Interviews

Severance’s Jen Tullock Confronts Religion and the Past in Nothing Can Take You From the Hand of God

Her solo show, directed by Jared Mezzocchi, runs off-Broadway at Playwrights Horizons.

Diane Snyder

Diane Snyder

| Off-Broadway |

October 16, 2025

Jen Tullock (© Jordan Best)
Jen Tullock
(© Jordan Best)

Jen Tullock thought she’d left her evangelical Christian upbringing behind her. Then two things happened: she suffered a ministroke and was forced to shelter in place during a tornado. Her response surprised her. “I found myself praying,” she says. “And when both of those instances had passed and the dust settled, I realized there were some vestiges of that time in my life that I hadn’t really looked at. I was curious about a story that told a really honest and nuanced take of a queer person who leaves a faith system because they have to, but never processes the grief over having left.”

The result, Nothing Can Take You From the Hand of God—a solo play written by Tullock with Frank Winters and directed by Jared Mezzocchi—deals with memory, those we leave behind and the things that stay with us. Tullock, one of the stars of the Emmy-winning Apple+ TV series Severance, plays all 11 characters in Playwrights Horizons’ off-Broadway production, notably Frances Reinhardt, a writer on a book tour whose experiences with Christianity are inspired by some of the things Tullock encountered.

“Her first book was a huge success and she’s really built a reputation on being a searing adversary to modern Christianity,” says Tullock. Initially, Frances seems in control of her story, “so the version of the characters we see early in the piece is through Frances’s point of view, until a certain chain of events occurs and she starts to lose control of that narrative.”

In the play, Frances ventures back to her childhood home, where she’s confronted with people whose memories of the past differ from hers—including those of her mother, Raelynn, and of a once-close friend, Agnieszka, now the mother of a young son. (Tullock portrays all three.)

“What the play is trying to examine is people hurting people,” she says. “What it also does is ask, ‘What happens when a traumatized person takes the story they’ve married themselves to in order to survive and uses it to manipulate other people?’”

Cameras are integral to the storytelling—the production uses seven, four of which are small Blackmagic cameras that Tullock operates manually—but she cautions theatergoers not to draw comparisons to Sarah Snook’s recent Broadway hit The Picture of Dorian Gray, another solo show that employed video. “Their use of cameras supported the thesis of that story, which is about opulence and vanity,” Tullock says. “The cameras, in my estimation, intentionally formed a voyeuristic ring around the performer.”

PH Hand Of God Baranova 7836
Jen Tullock in Nothing Can Take You From the Hand of God
(© Maria Baranova)

In Nothing Can Take You From the Hand of God, it’s “the exact opposite,” she says. “We’re watching one body onstage control the technology herself, and it is less about voyeurism and more about watching someone try and control the story until she can’t anymore. We get to see a tight and well-functioning, well-oiled machine fall apart.”

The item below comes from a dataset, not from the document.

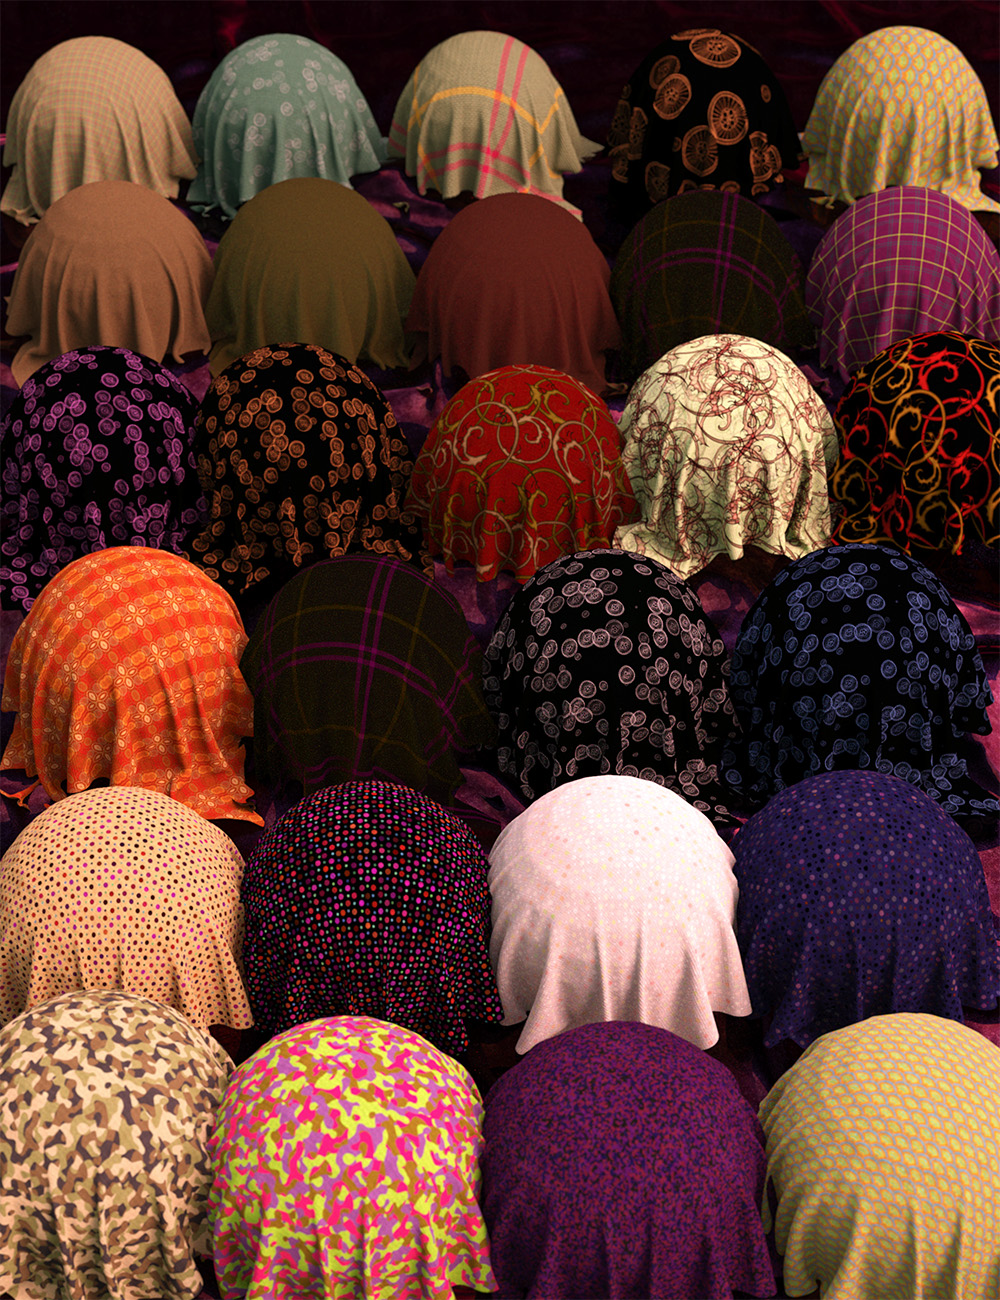 Wonderful Weaves - Eclectic Woven Fabric Shaders by: MartinJFrost, 3D Models by Daz 3D

Also integral to the story is Tullock’s own life. Growing up in Louisville, Kentucky, she attended an evangelical school and a megachurch that had very particular views of who she should be. “My primary and only education was through a Christian lens,” she says. “I was taught that my sole purpose in life was either to further God’s message on Earth or to be a housewife.”

Needless to say Tullock has broken free from that ideology, but in telling her story she wants to make sure she doesn’t hurt her family. “I have a lot of love for my family and the reasons that they chose that community and that faith system,” she says. “They’re not the choices I would make for myself, but as I’ve gotten older, I’ve come to have a lot more empathy and understanding around the fact that we are very different people.”

That’s not to say that she isn’t critical of the damage a dogmatic Christian upbringing can cause.

“Our play really holds the church’s feet to the fire,” Tullock says. But her view isn’t as black-and-white as it once was. “I was really comfortable with the narrative I had married myself to for many decades, which is, they are harmful and I was harmed. And while those things are still in many contexts true for me, I also am interested in looking at my own pain of my upbringing with this slightly more detailed lens. Pun intended.”